> [TASK DETAILS] The entire listing that follows must be repeated exactly, pictures excluded.

> [GIVEN MATERIAL]

====

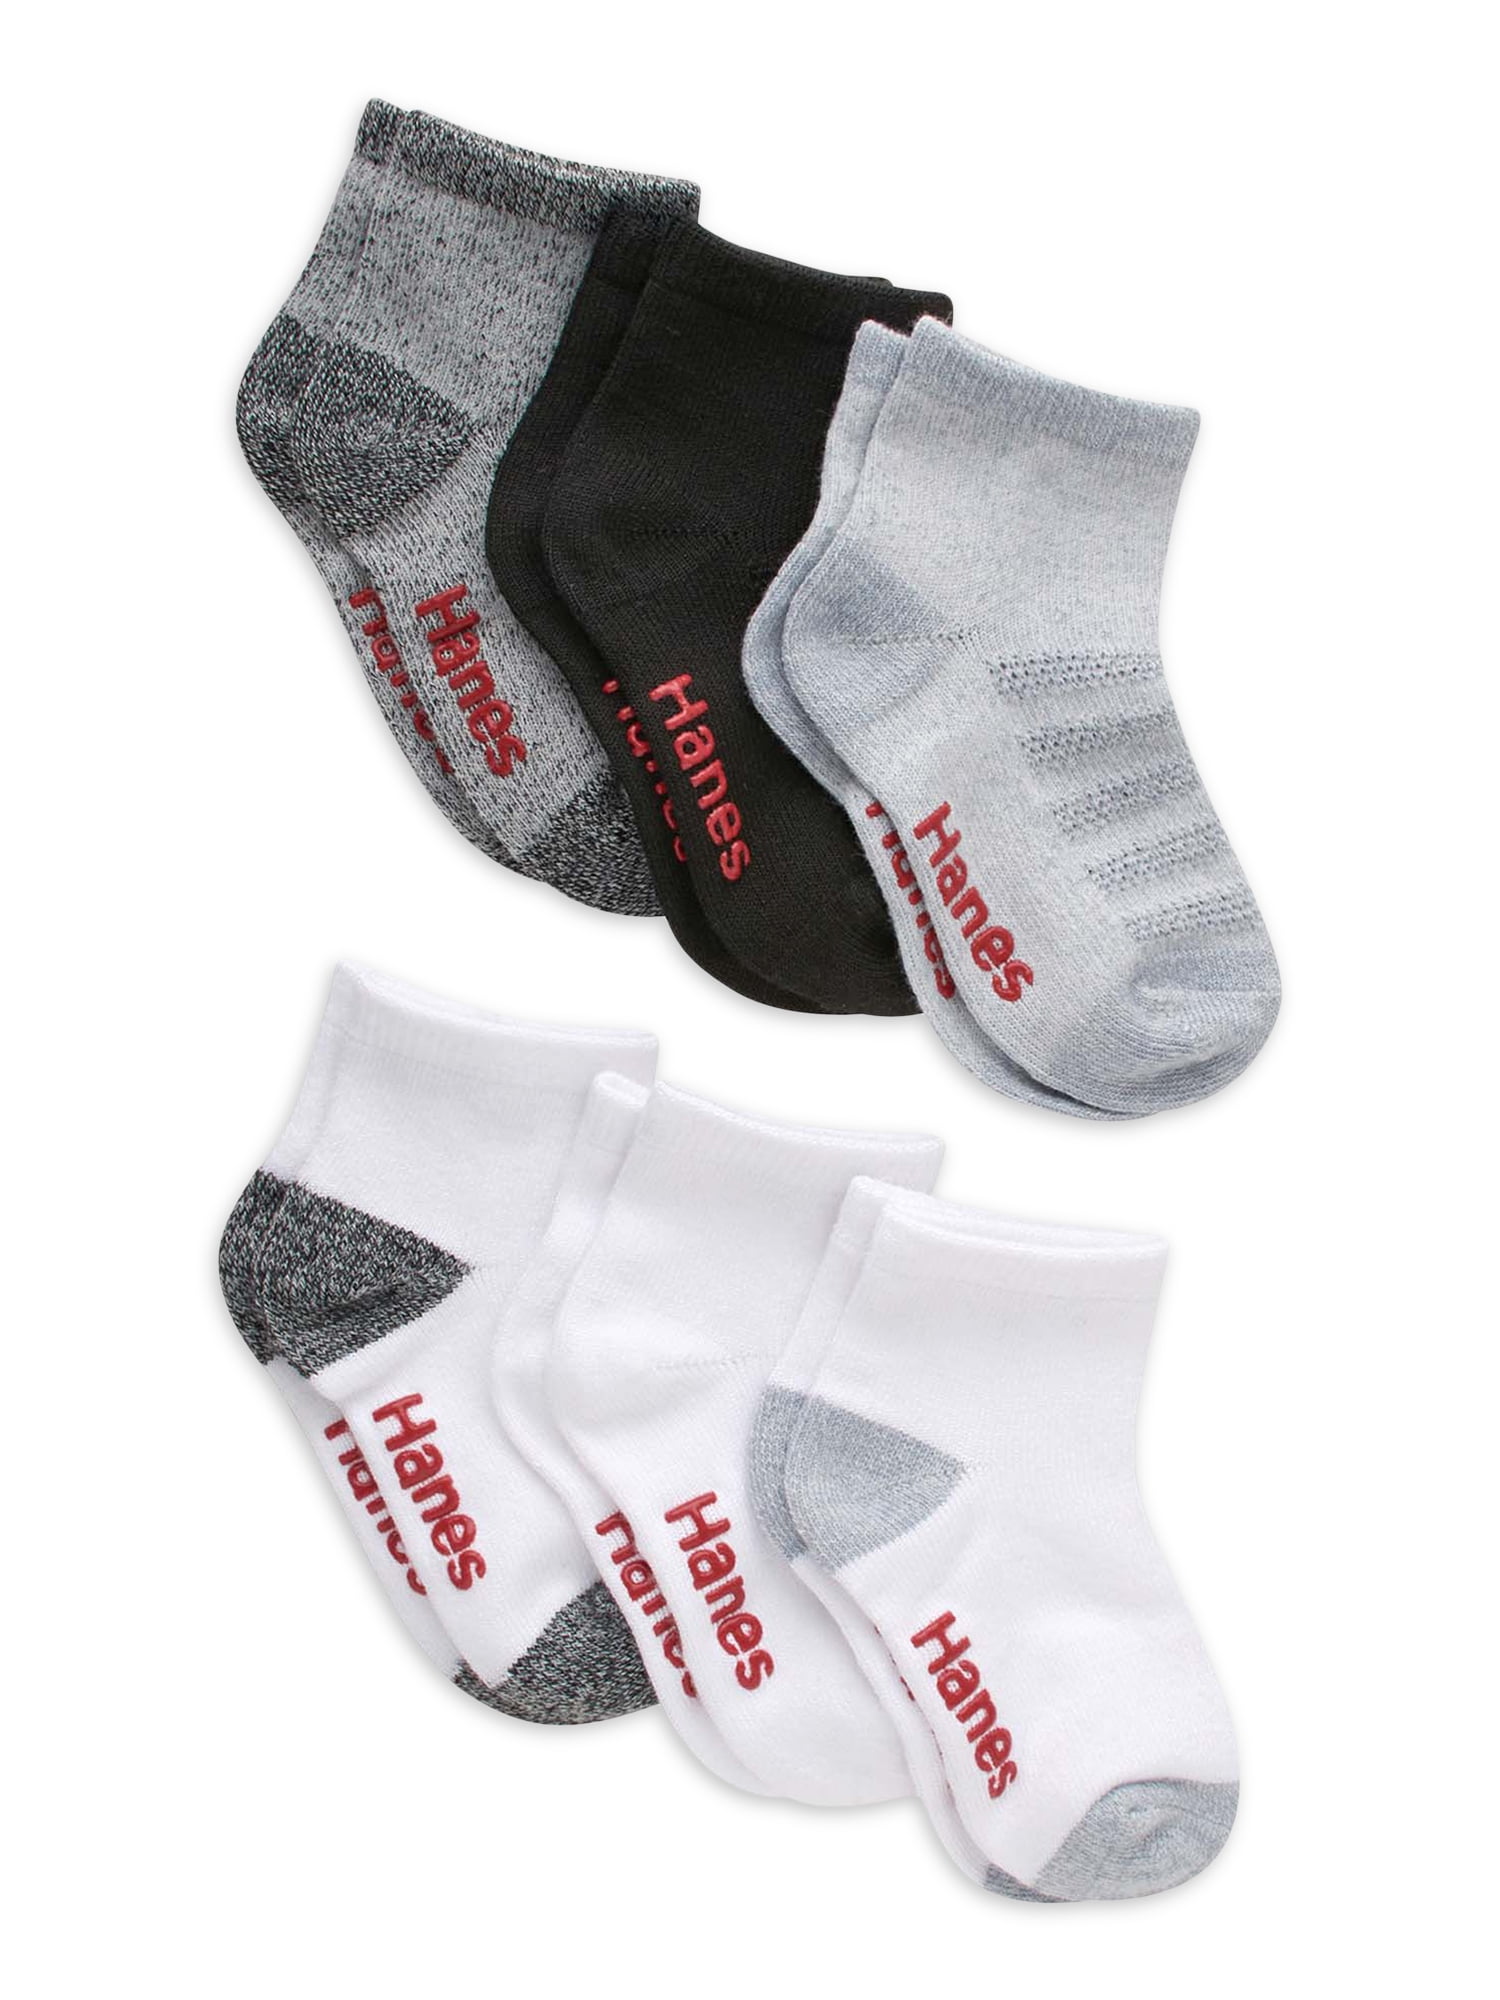 Hanes Toddler Boys Ankle Socks, 6 Pack, Sizes 12M-5T
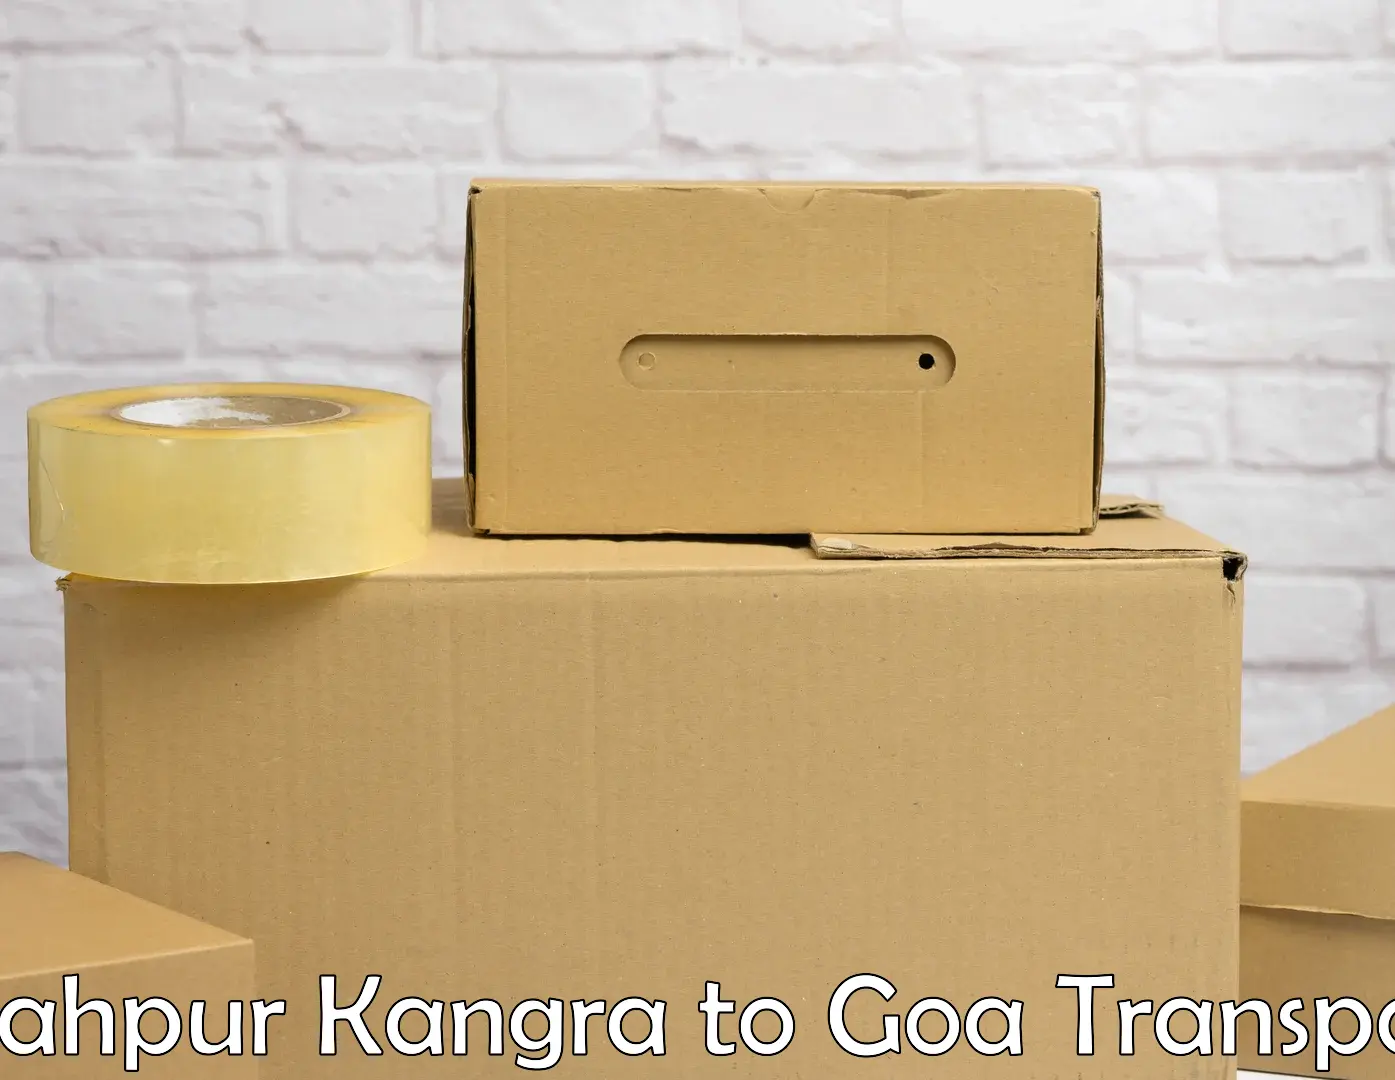 Daily parcel service transport Shahpur Kangra to Mormugao Port
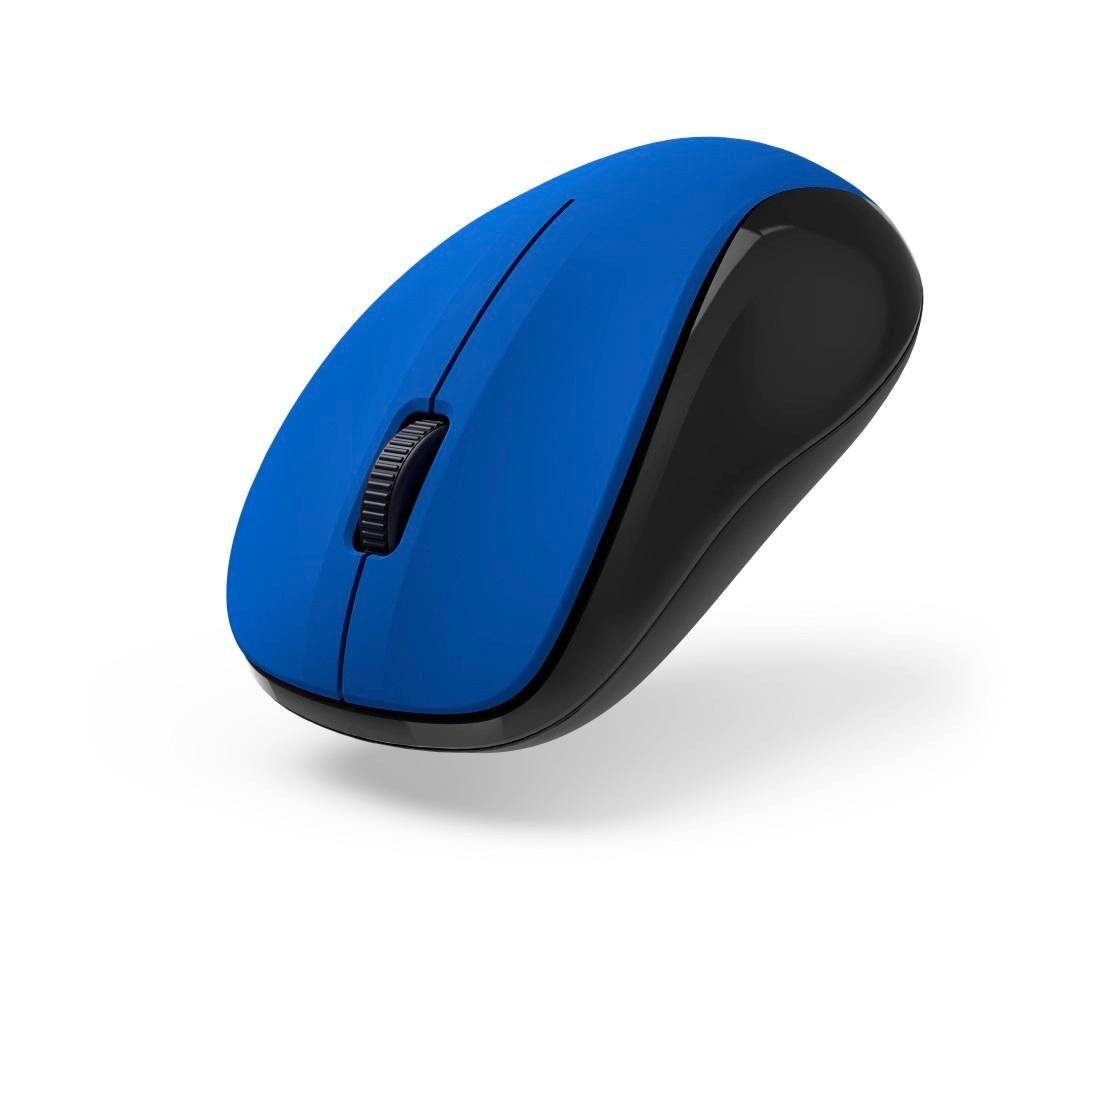 Funkmaus "MW-300 Hama V2", Maus 3 blau Optische Empfänger Tasten geräuschlos, USB

====

> [WRITTEN ANSWER]
 Hanes Toddler Boys Ankle Socks, 6 Pack, Sizes 12M-5T
 Daily parcel service transport Shahpur Kangra to Mormugao Port
 Funkmaus "MW-300 Hama V2", Maus 3 blau Optische Empfänger Tasten geräuschlos, USB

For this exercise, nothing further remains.